The right to indemnification conferred in this Article VII shall be a contract
right and shall include the right to be paid by the Corporation the expenses
incurred in defending any such proceeding in advance of its final disposition;
provided, however, that, if the Delaware General Corporation Law requires, the
payment of such expenses incurred by a current, former or proposed director or
officer in his or her capacity as a director or officer or proposed director or
officer (and not in any other capacity in which service was or is or has been
agreed to be rendered by such person while a director or officer, including,
without limitation, service to an employee benefit plan) in advance of the final
disposition of a proceeding, shall be made only upon delivery to the Corporation
of an undertaking, by or on behalf of such indemnified person, to repay all
amounts so advanced if it shall ultimately be determined that such indemnified
person is not entitled to be indemnified under this Section or otherwise.

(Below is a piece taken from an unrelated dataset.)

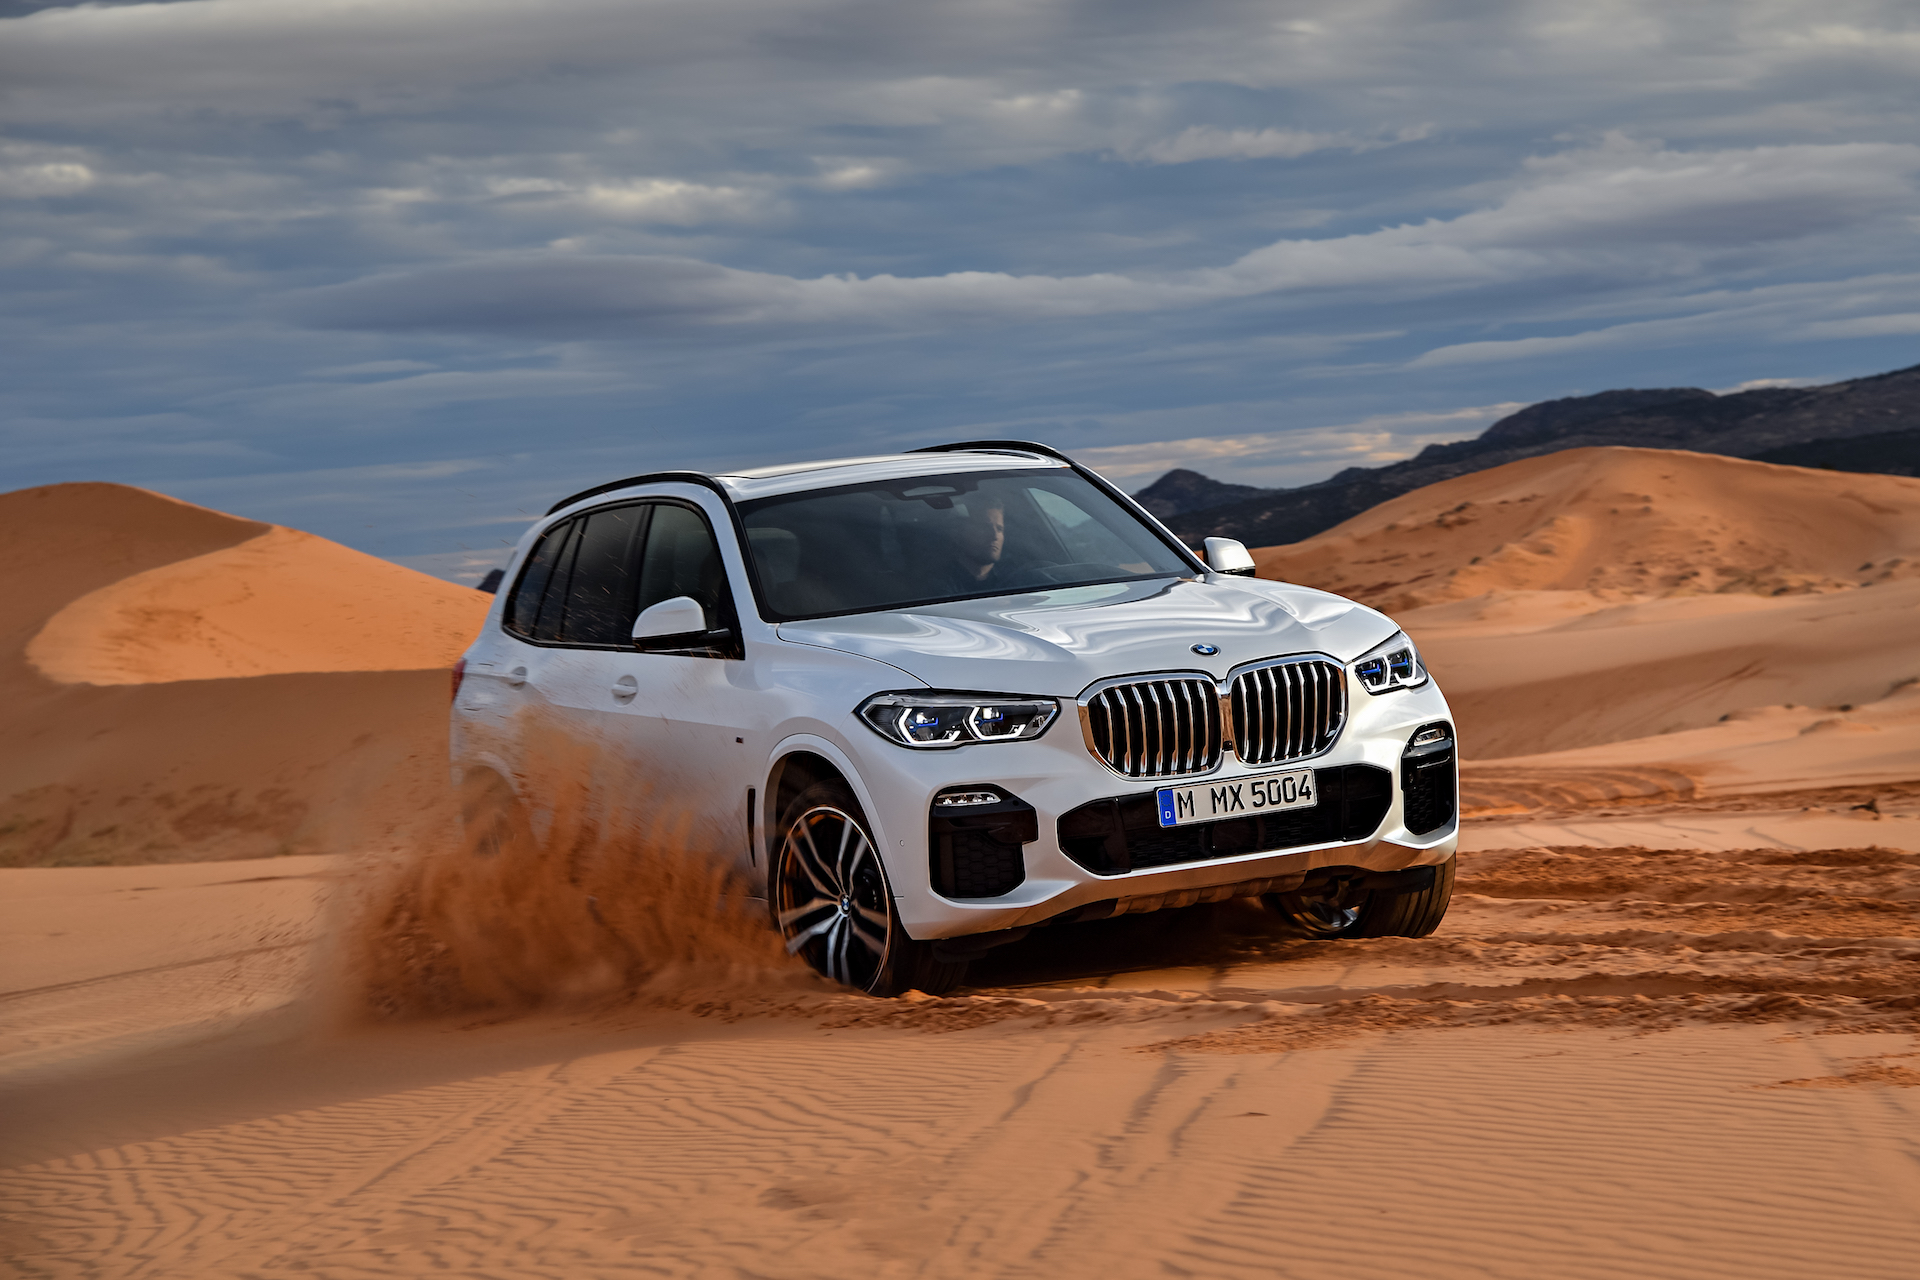 Nuova BMW X5 frontale in movimento su sabbia bianca
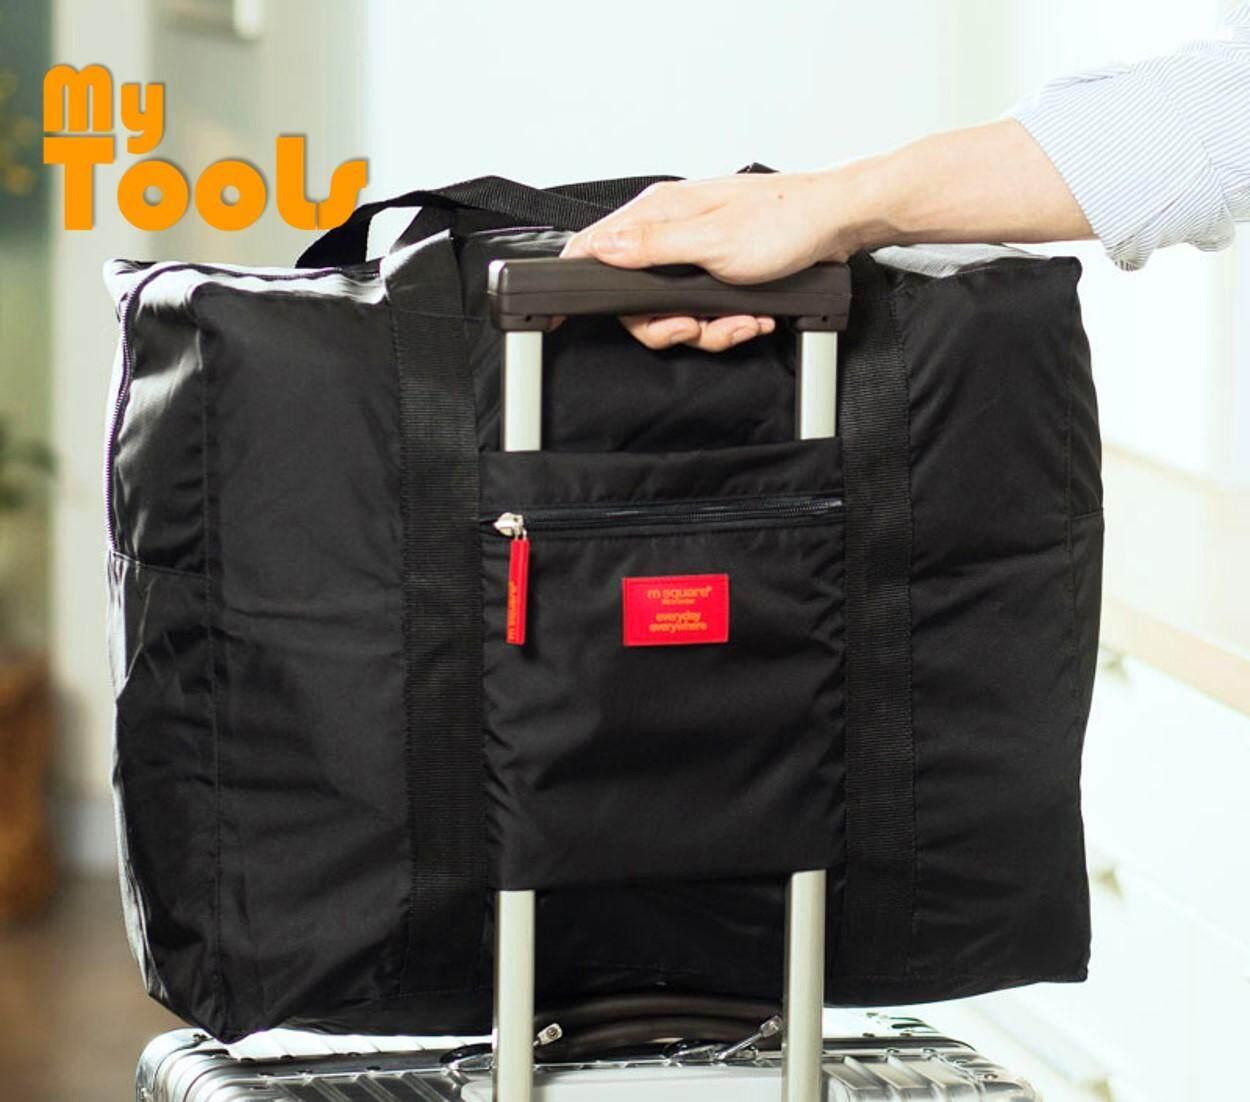 Mytools 32l Korea Foldable Waterproof Lightweight Nylon Travel Luggage Duffel Bag By Mytools Marketing.

         Section 2. Indemnification of Employees and Agents. The Corporation
may, by action of its Board of Directors, provide indemnification to employees
and agents of the Corporation, individually or as a group, with the same scope
and effect as the indemnification of directors and officers provided for in this
Article.

         Section 3. Right of Claimant to Bring Suit. If a written claim received
by the Corporation from or on behalf of an indemnified party under this Article
VII is not paid in full by the Corporation within ninety days after such
receipt, the claimant may at any time thereafter bring suit against the
Corporation to recover the unpaid amount of the claim and, if successful in
whole or in part, the claimant shall be entitled to be paid also the expense of
prosecuting such claim. It shall be a defense to any such action (other than an
action brought to enforce a claim for expenses incurred in defending any
proceeding in advance of its final disposition where the required undertaking,
if any is required, has been tendered to the Corporation) that the claimant has
not met the standards of conduct which make it permissible under the Delaware
General Corporation Law for the Corporation to indemnify the claimant for the
amount claimed, but the burden of proving such defense shall be on the
Corporation. Neither the failure of the Corporation (including its Board of
Directors, independent legal counsel, or its stockholders) to have made a
determination prior to the commencement of such action that indemnification of
the claimant is proper in the circumstances because he or she has met the
applicable standard of conduct set forth in the Delaware General Corporation
Law, nor an actual determination by the Corporation (including its Board of
Directors, independent legal counsel, or its stockholders) that the claimant has
not met such applicable standard of conduct, shall be a defense to the action or
create a presumption that the claimant has not met the applicable standard of
conduct.

                                      -13-

<PAGE>   14



         Section 4. Nonexclusivity of Rights. The right to indemnification and
the advancement and payment of expenses conferred in this Article VII shall not
be exclusive of any other right which any person may have or hereafter acquire
under any law (common or statutory), provision of the Certificate of
Incorporation of the Corporation, bylaw, agreement, vote of stockholders or
disinterested directors or otherwise.

         Section 5. Insurance. The Corporation may maintain insurance, at its
expense, to protect itself and any person who is or was serving as a director,
officer, employee or agent of the Corporation or is or was serving at the
request of the Corporation as a director, officer, employee or agent of another
corporation, partnership, joint venture, trust or other enterprise against any
expense, liability or loss, whether or not the Corporation would have the power
to indemnify such person against such expense, liability or loss under the
Delaware General Corporation Law.

         Section 6. Savings Clause. If this Article VII or any portion hereof
shall be invalidated on any ground by any court of competent jurisdiction, then
the Corporation shall nevertheless indemnify and hold harmless each director and
officer of the Corporation, as to costs, charges and expenses (including
attorneys' fees), judgments, fines, and amounts paid in settlement with respect
to any action, suit or proceeding, whether civil, criminal, administrative or
investigative to the full extent permitted by any applicable portion of this
Article VII that shall not have been invalidated and to the fullest extent
permitted by applicable law.

         Section 7. Definitions. For purposes of this Article, reference to the
"Corporation" shall include, in addition to the Corporation, any constituent
corporation (including any constituent of a constituent) absorbed in a
consolidation or merger prior to (or, in the case of an entity specifically
designated in a resolution of the Board of Directors, after) the adoption hereof
and which, if its separate existence had continued, would have had the power and
authority to indemnify its directors, officers and employees or agents, so that
any person who is or was a director, officer, employee or agent of such
constituent corporation, or is or was serving at the request of such constituent
corporation as a director, officer, employee or agent of another corporation,
partnership, joint venture, trust or other enterprise, shall stand in the same
position under the provisions of this Article with respect to the resulting or
surviving corporation as he would have with respect to such constituent
corporation if its separate existence had continued.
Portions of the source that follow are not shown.